Eli Friedman eli.friedman at gmail.com
Thu Oct 16 13:57:26 PDT 2008


On Thu, Oct 16, 2008 at 12:35 PM, Mike Stump <mrs at apple.com> wrote:
>> It doesn't really change the issue, though; we want the merging to be
>> a front-end option, and we still need a solution which handles
>> variables that gets marked by the optimizer.
>
> I think so.  If we could get C/C++ to just bless merging and then just
> support that and ignore legacy standards and legacy code, we might be
> able to leave it as is.

The only allowance I can think of that's general enough to allow
everything LLVM knows how to do at the moment is "the result of an
equality comparison between two pointers to objects with distinct base
objects is undefined".  (See
http://lists.cs.uiuc.edu/pipermail/llvmdev/2008-October/017769.html
and http://lists.cs.uiuc.edu/pipermail/llvmdev/2008-October/017747.html
for the examples I'm thinking of.)  I strongly doubt we can get away
with that.

Here's a more concrete version of the solution I'm proposing: we add a
new optional marking to constant globals, say "mergeable".  There are
two reasonable semantics: one is that the result of equality
comparisons of a pointer into this global with a pointer into any
other similarly marked global is undefined.  This is actually slightly
more aggressive than what the current standard seems to allow even for
string constants, but it seems reasonable.  The more conservative
definition of the semantics is just to say that the compiler chooses
whether any pair of mergeable globals are distinct objects, which is
roughly how the current C99 standard defines string merging.
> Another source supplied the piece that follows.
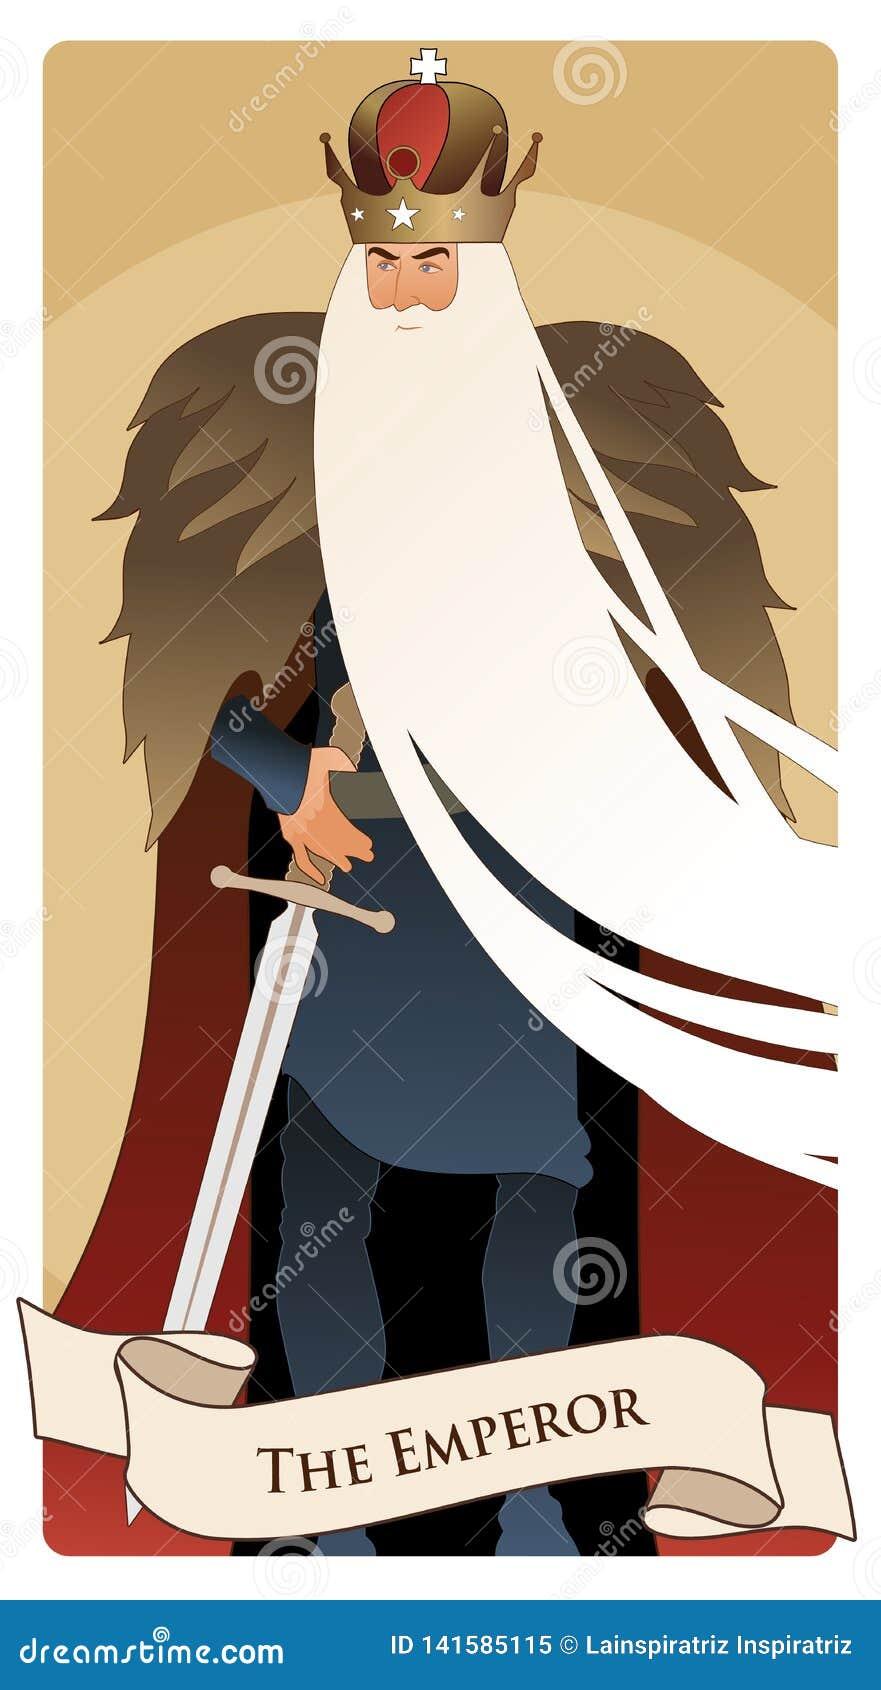 Major Arcana Tarot Cards De Keizer Mens met kroon en lange witte baard, bontkaap en zwaard bij de taille

This has the following effects on current optimizers: constmerge only
merges globals marked mergeable.  Only mergeable constants are emitted
into mergeable sections in assembly.  If we use the conservative
definition of mergeable, fix any code that assumes distinct globals
don't get merged, like the code that folds equality comparisons
between distinct globals to false.  Optionally, add a new optimization
step which marks constants as mergable when their address isn't taken.